[[ Records for processing, beginning ]]

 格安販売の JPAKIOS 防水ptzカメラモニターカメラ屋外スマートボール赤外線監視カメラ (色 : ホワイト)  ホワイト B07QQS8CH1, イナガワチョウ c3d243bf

[[ Records for processing, end ]]
[[ Records for processing, beginning ]]

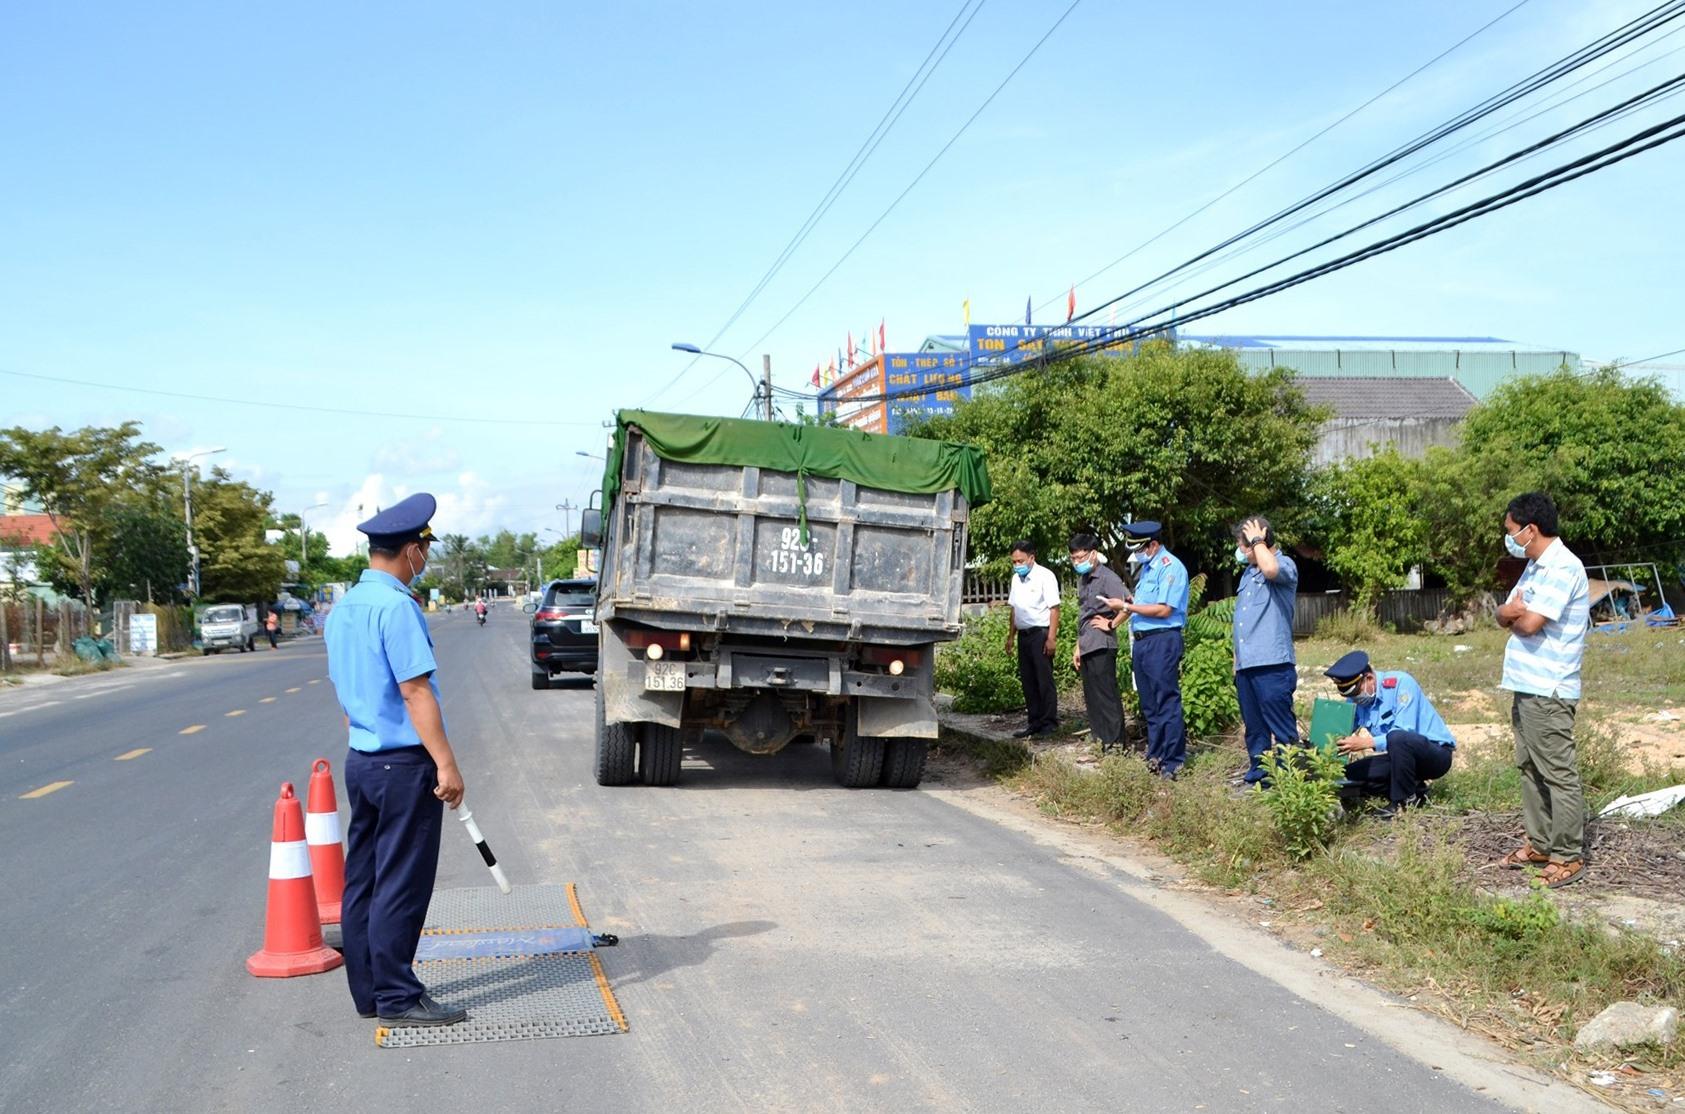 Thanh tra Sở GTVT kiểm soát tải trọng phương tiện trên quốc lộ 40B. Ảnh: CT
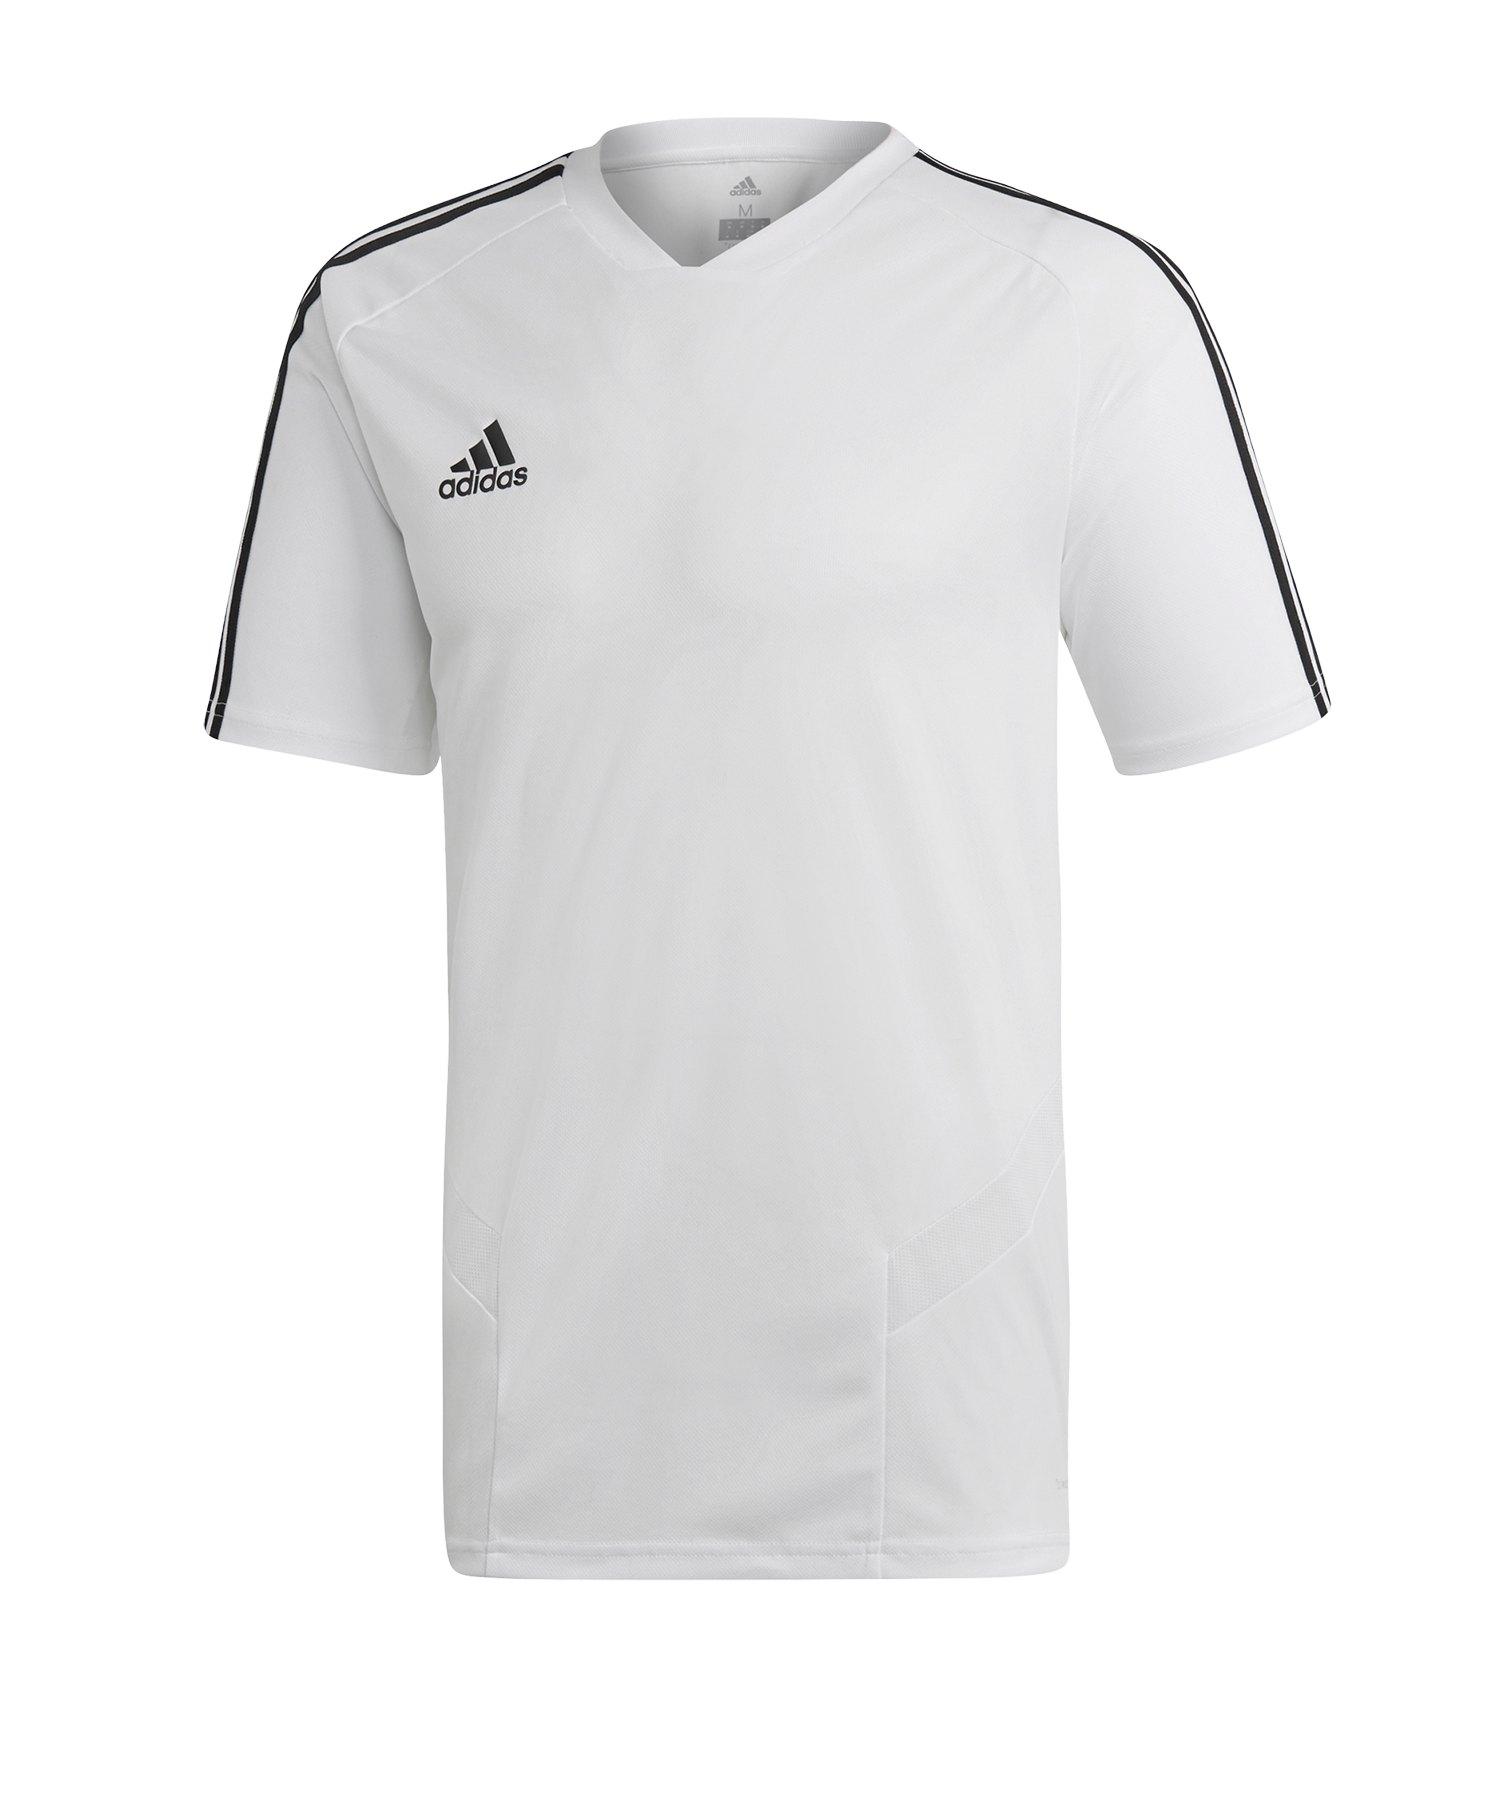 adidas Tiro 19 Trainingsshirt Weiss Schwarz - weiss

[[ Records for processing, end ]]

» What the exercise asks
With the pictures removed, print only the lines starting at the line that has "Thanh tra Sở" and ending at the line that has "adidas Tiro 19", both ends included, exactly as they stand above.

» Task solution
 Thanh tra Sở GTVT kiểm soát tải trọng phương tiện trên quốc lộ 40B. Ảnh: CT
 adidas Tiro 19 Trainingsshirt Weiss Schwarz - weiss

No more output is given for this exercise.